On the outset, it would appear justified to reward these ‘prodigies’ with a shorter route to specialty and thereafter a career in academic medicine. If one scrutinises the Slab candidates however, the ugly faces of discrimination, cronyism and shortsightedness will become obvious.

Despite its namesake, the Slab programme is almost exclusively reserved for Malay Muslim bumiputeras. There is a reasonable pool of qualified and talented non-Muslim bumiputera doctors in Sabah and Sarawak. They, however, are denied the chance to become academics through this supposedly noble training scheme. It’s bad enough to label Malaysians as bumi and non-bumi. To further differentiate between Malay and non-Malay bumiputeras is an act more despicable that the apartheid NEP itself. It is racial egoism.

In principle, the by-invitation only Slab programme is open to outstanding, phenomenal Malay bumiputera doctors. In practice however, the candidates are far from it. My Malay colleagues who can hardly string a proper sentence of English together are being accepted into the programme. They can’t even present a simple case summary to the consultants during ward rounds and now they are expected to lecture medical students? Pretty preposterous isn’t it? The quality of Slab trainees ranges from those with minimal knowledge in basic pharmacology to those who cannot handle common medical emergencies without descending into a state of panic.

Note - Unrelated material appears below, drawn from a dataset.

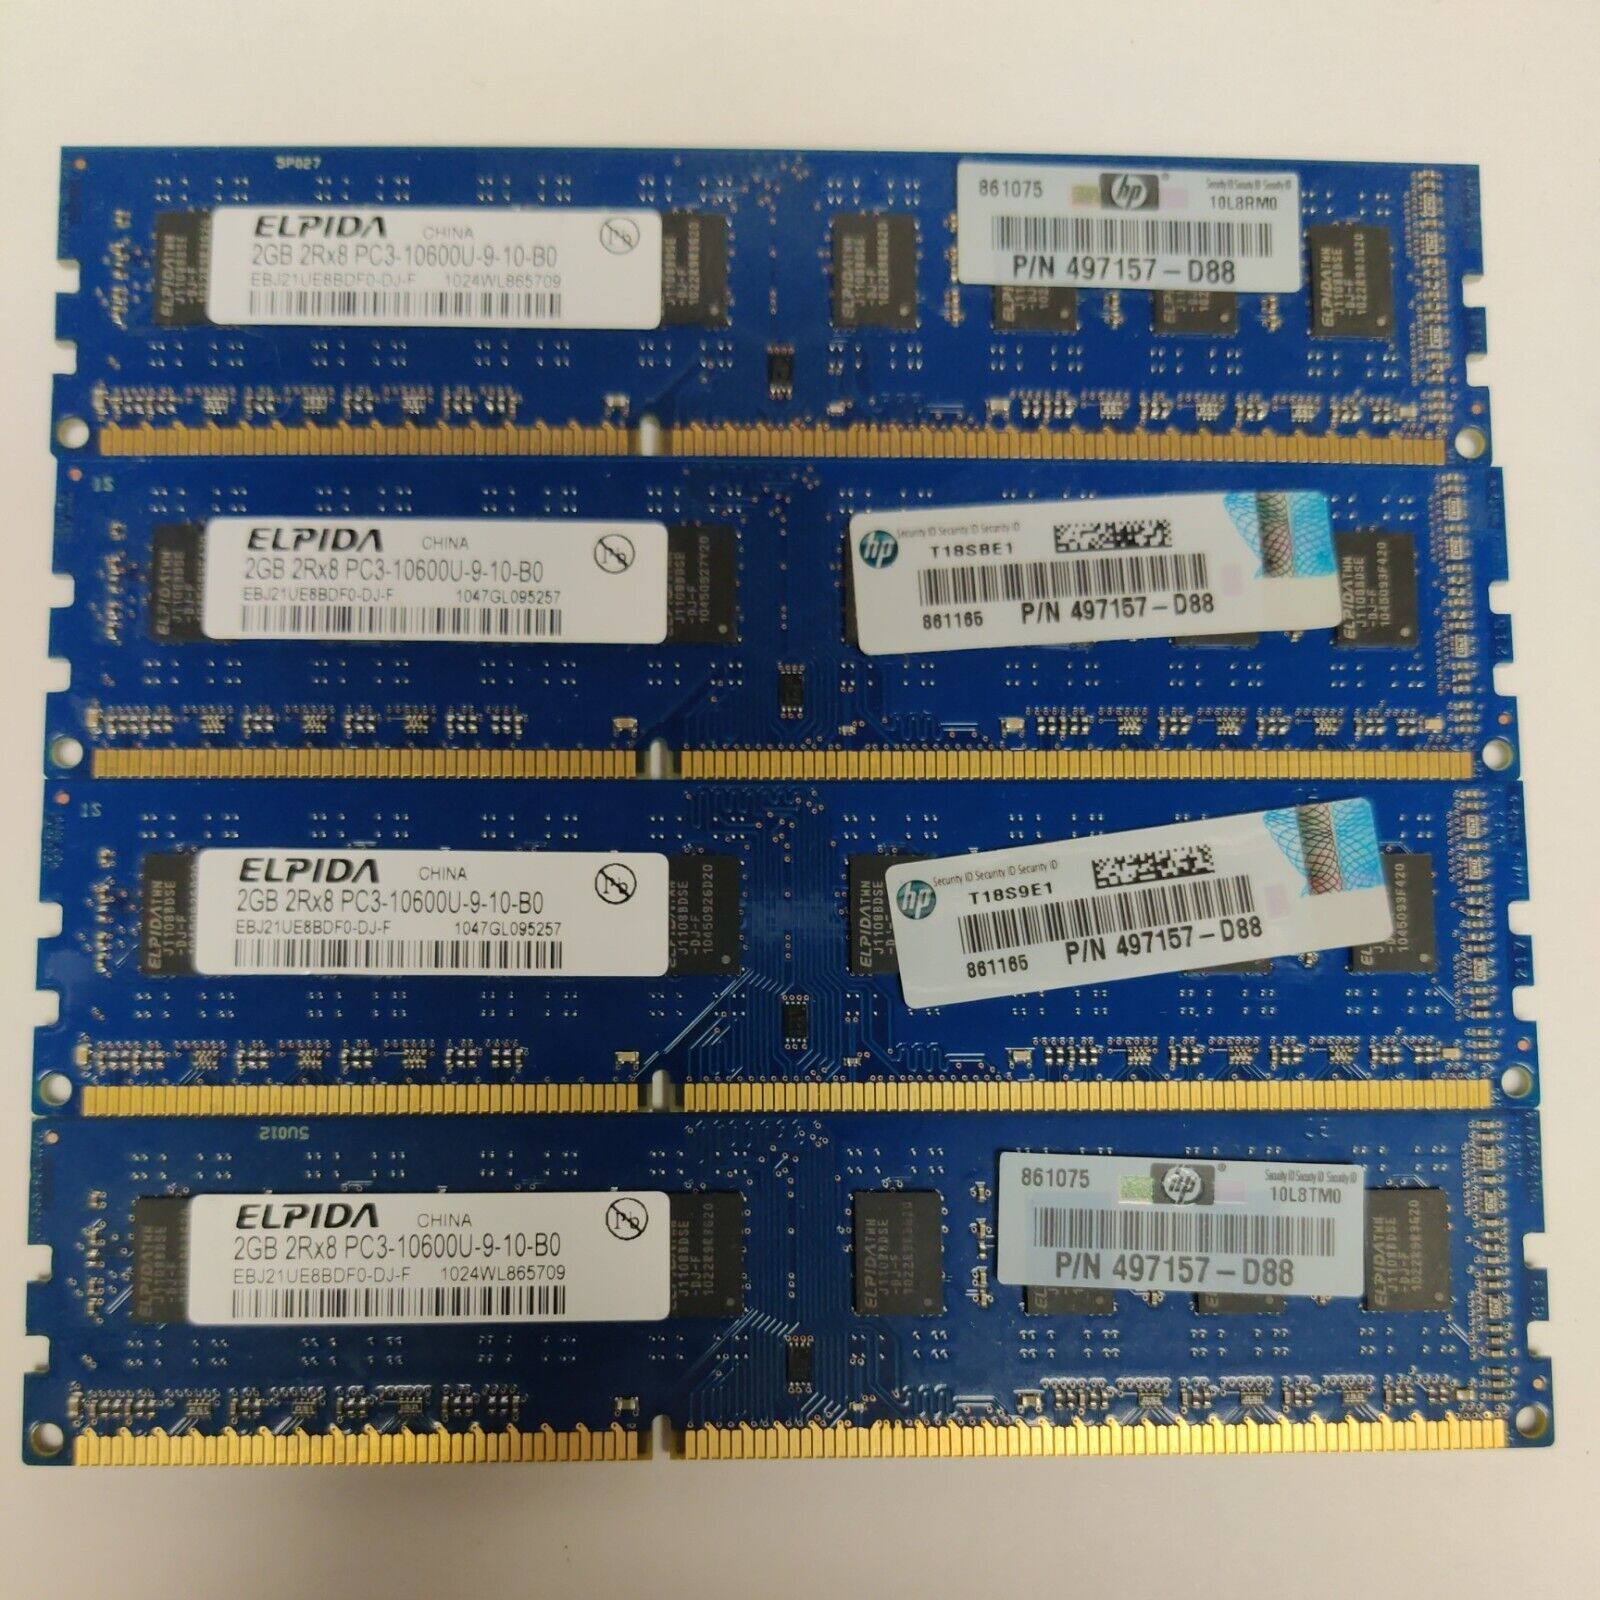 Lot of 4 sticks Elpida 2GB 2Rx8 PC3-10600U Desktop Memory DIMM SDRAM

Are we confident to let our children learn and train under these pseudo-lecturers? A great number of my colleagues who failed final year MBBS exams in Universiti Malaya were invited to join the Slab programme! It gives one a general idea of the quality of our future lecturers. The majority of these Slab products have either failed the external Royal Colleges exam or were never confident to attempt these exams in the first place. There were also two Slab trainees in UM who were dropouts from Australian universities. The future of medical education does not look bright indeed.

Like most other NEP privileges, the Slab programme has been hijacked by well-connected Umno loyalists. A great number of trainees are accepted into the programme because they carry a ‘bin Datuk-something’. The truly qualified bumis are denied an opportunity while mediocre, below- average children of Umnoputras are offered a silver platter to quasi-professorship.

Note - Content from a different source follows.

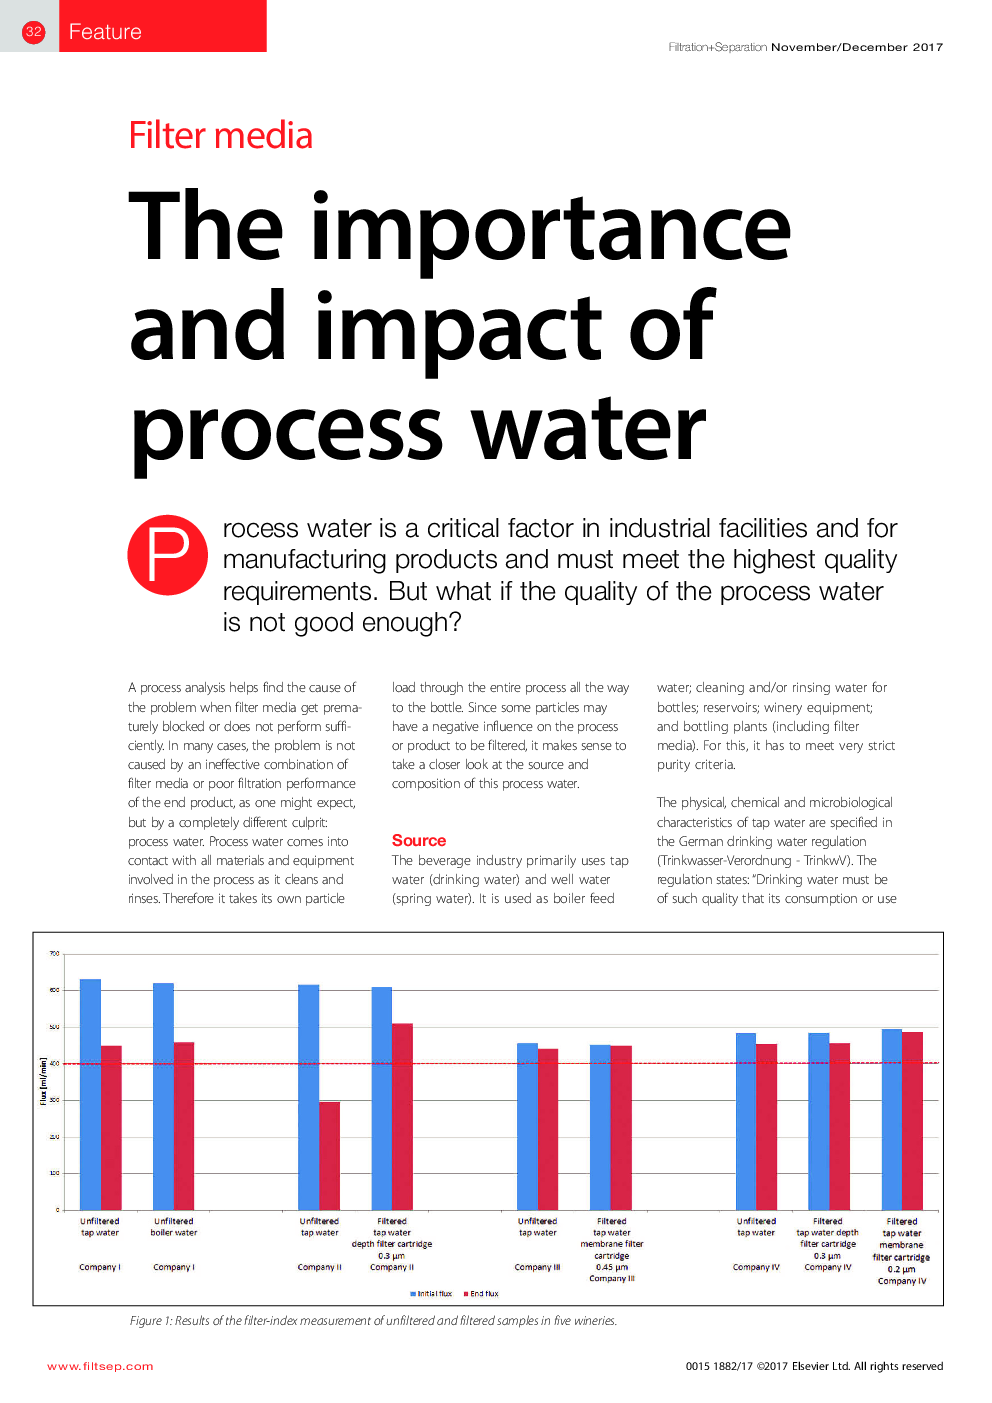 اهمیت و تاثیر آب فرایند

More than being another Umno racist policy, the Slab programme is one that is dangerous. Clinical acumen in the profession of medicine comes from years of experience and there is no other way. A pre-university student who enters medical school without battling it out on a level playing field is already a cause for concern. Now, the same person is expected to perform the clinical duties of a lecturer-specialist after serving just one year of housemanship. In our feudalistic healthcare system, the specialist is always regarded as correct and infallible, even when he has less experience than his medical officers who are subordinates merely because they were not born with a privileged skin colour.

The intentions of the Slab programme were never to provide a helping hand to aspiring bumiputera doctors. It was also never the intention of the Slab programme to provide our universities with a steady source of well-trained lecturers.

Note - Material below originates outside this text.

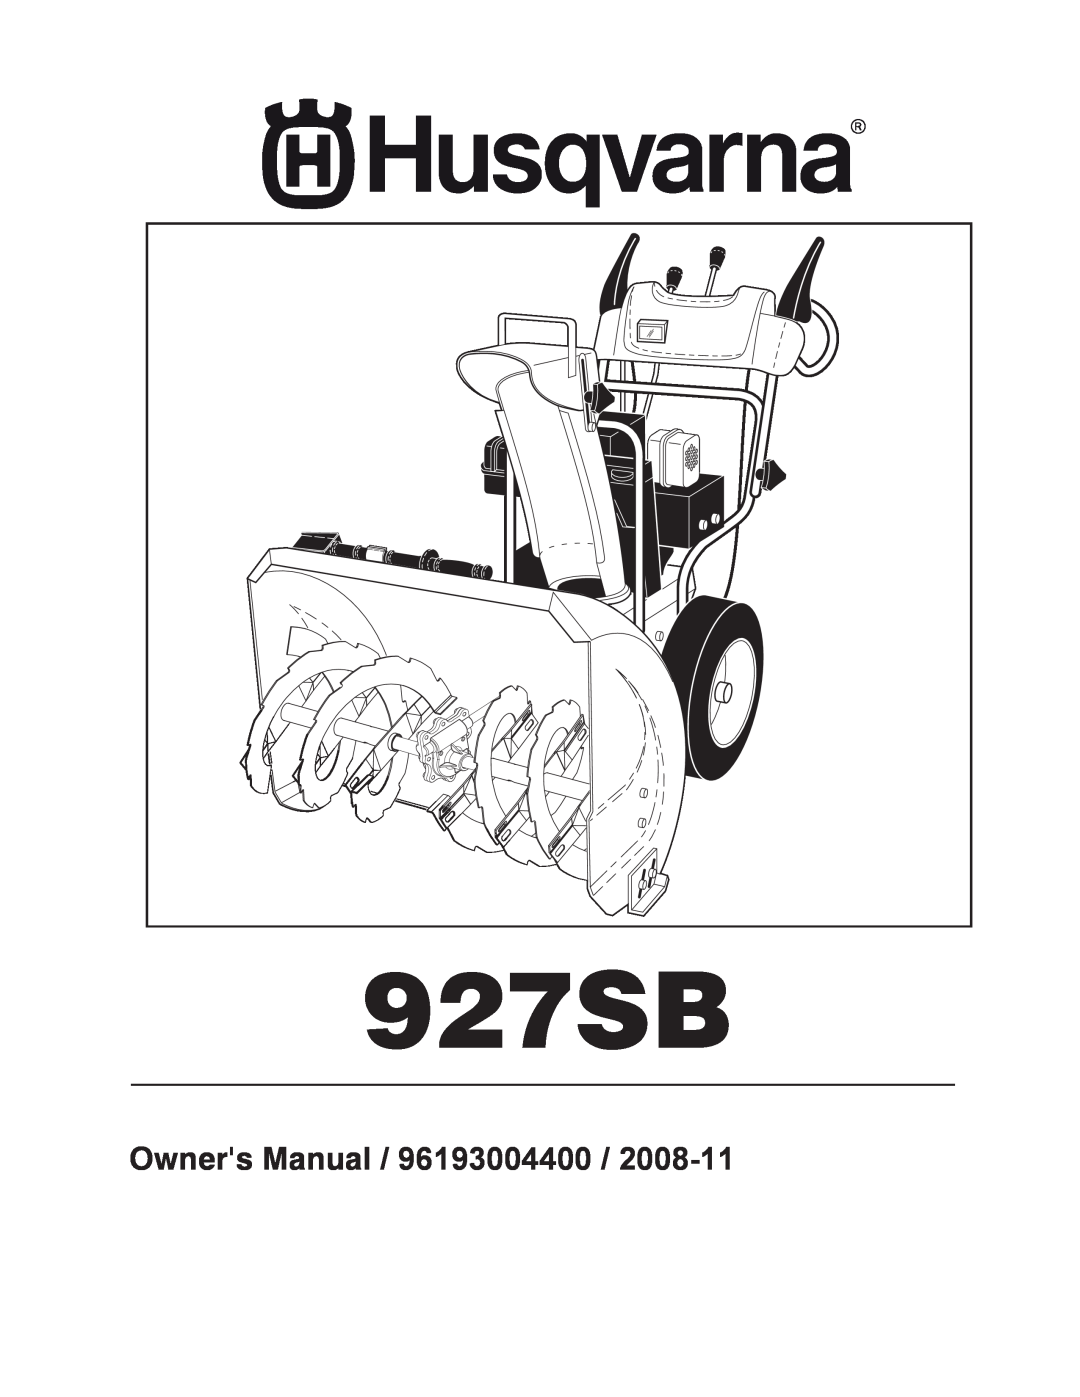 Husqvarna 96193004400 owner manual 927SB

The way it is carried out, the aims and purposes of the Slab programme is to mass-produce as many Malay bumiputera specialists as possible and in the shortest time, as well as to inhibit the careers of non-Malay doctors. It is already punishing enough that non-bumi students enter university one year later that their bumi counterparts (two years if one is from a national-type school).

Now they even have to wait four years later than their Malay colleagues before being eligible to apply for specialty training. A Slab product will become a full-fledged specialist by the age of 30 with an almost guaranteed pathway to sub-specialty and professorship by 40. His non-Malay colleagues meanwhile, will only be a newbie specialist at 35, assuming the doctor was successful in his application for specialty training at the very first attempt.